- The Washington Times - Friday, October 24, 2003

Charles Francis Adams, U.S. minister to Great Britain during the Civil War, had a suspicious mind and maintained constant vigilance when ships were being built and bought. British government carelessness had enabled the Alabama to slip away in 1862, and it wreaked havoc on the high seas. In 1863, another British-built vessel was causing him some concern. Its name was Japan.

A new 600-tonner with a slim iron hull and a single, slightly raked stack, the Japan was screw-driven but also had two tall masts that enabled it to enlist the aid of the wind. It was intended to be a merchantman, but Matthew Fontaine Maury had other plans for it.

Maury, born near Fredericksburg, Va., had been a U.S. Navy officer until a serious injury ended his career. He became a distinguished hydrographer. When war began, he moved to Britain as a Confederate naval agent. He purchased the Japan in March 1863 at Dumbarton, Scotland, and on April 1, it left Greenock, on the opposite bank of the Clyde, loaded with ballast. A crew of 50 had been signed on, and the men were informed that its destination would be Singapore. No doubt to Adams’ intense irritation, it managed to make its escape from Scotland one jump ahead of a detention order.

The Japan rendezvoused with a ship called the Alar at Ushant, a little island off the coast of Brittany, where it received guns, ordnance stores and essential supplies. When the Confederate Navy flag went aloft, it became the cruiser Georgia, captained by Cmdr. W.L. Maury. Most of the duped sailors, replaced by men brought by the Alar, went home aboard that vessel, but 13 elected to stay with the Georgia.

A well-armed man-of-war with Confederate officers also supplied by the Alar, the Georgia was a fast vessel, as it had to be for the work it would be required to do. As its sharp bows cleaved the waves, it was not bound for Singapore. Instead, it would roam the Atlantic, although other raiders had taken their toll, and its pickings would be slim.

The Dictator was the first U.S. merchant vessel to learn that another sea wolf was on the loose. On April 25, it was taken and torched.
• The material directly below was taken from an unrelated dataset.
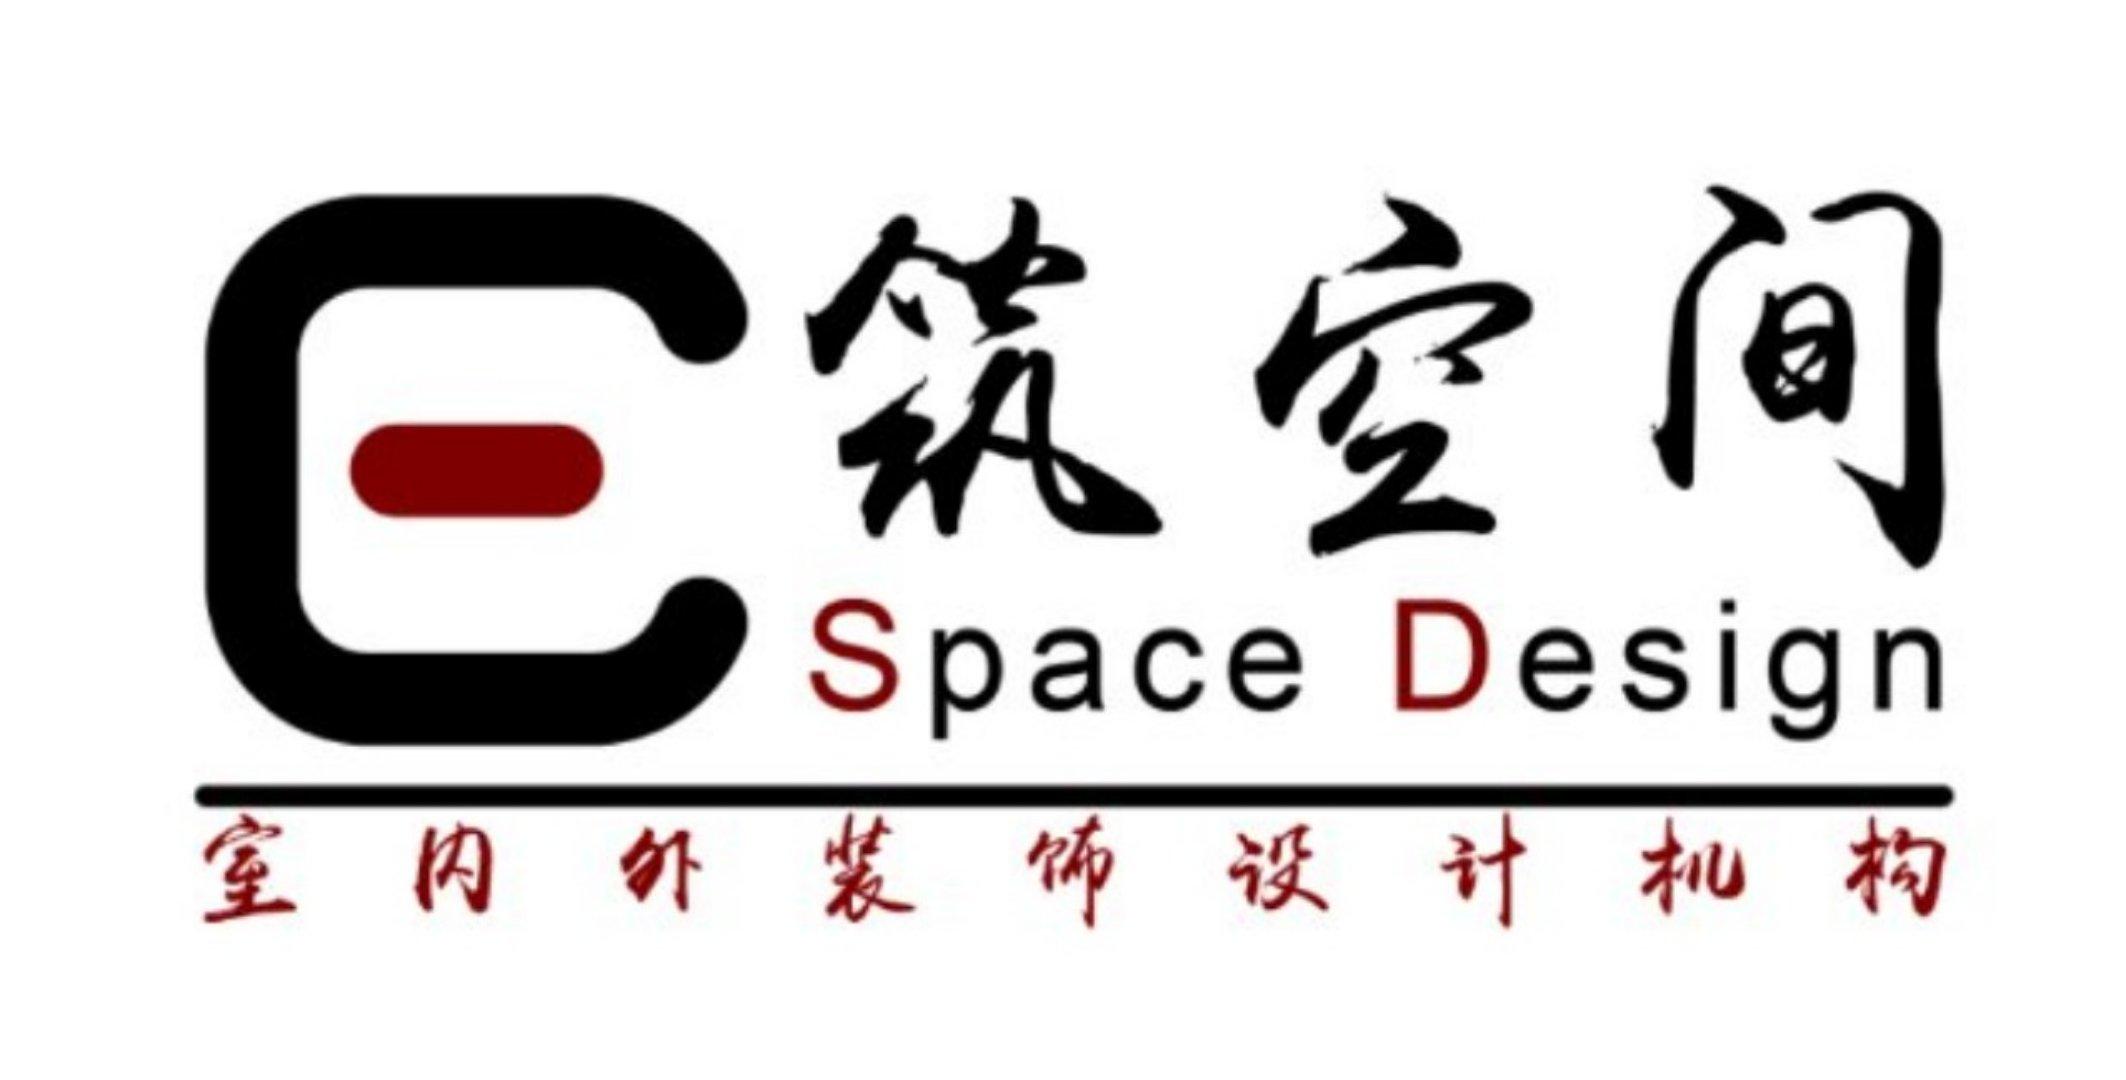 秦皇岛市筑空间装饰设计有限公司

Then the Georgia took the long sea road to Bahia, Brazil, where it coaled before setting off for the Cape of Good Hope. On the way, it seized the Constitution, the Griswold, the Good Hope and the J.W. Seaver, sparing the last of those vessels, which was bonded.

The Georgia dropped anchor in St. Simon’s Bay on Aug. 16, two weeks later turning back toward Europe and capturing four more ships as it went. Maury, having become ill, handed over his ship to its first lieutenant. It berthed at Cherbourg, France, on Oct. 28, outside which port in June 1864 the much more formidable raider Alabama would take on the USS Kearsarge and pay for its temerity by ceasing to be a menace.

For all its speed and weaponry, the Georgia was unsuitable as a raider. Its sail power was inadequate, compelling it to consume too much coal on long voyages, and the frequent halts for coaling were an inconvenience. When it arrived May 2, 1864, at Liverpool, all evidence of its previous activities was removed, and it was offered for sale. Edward Bates, a Liverpool merchant, acquired it for 15,000 pounds and at the time doubtless was delighted. He would regret his purchase.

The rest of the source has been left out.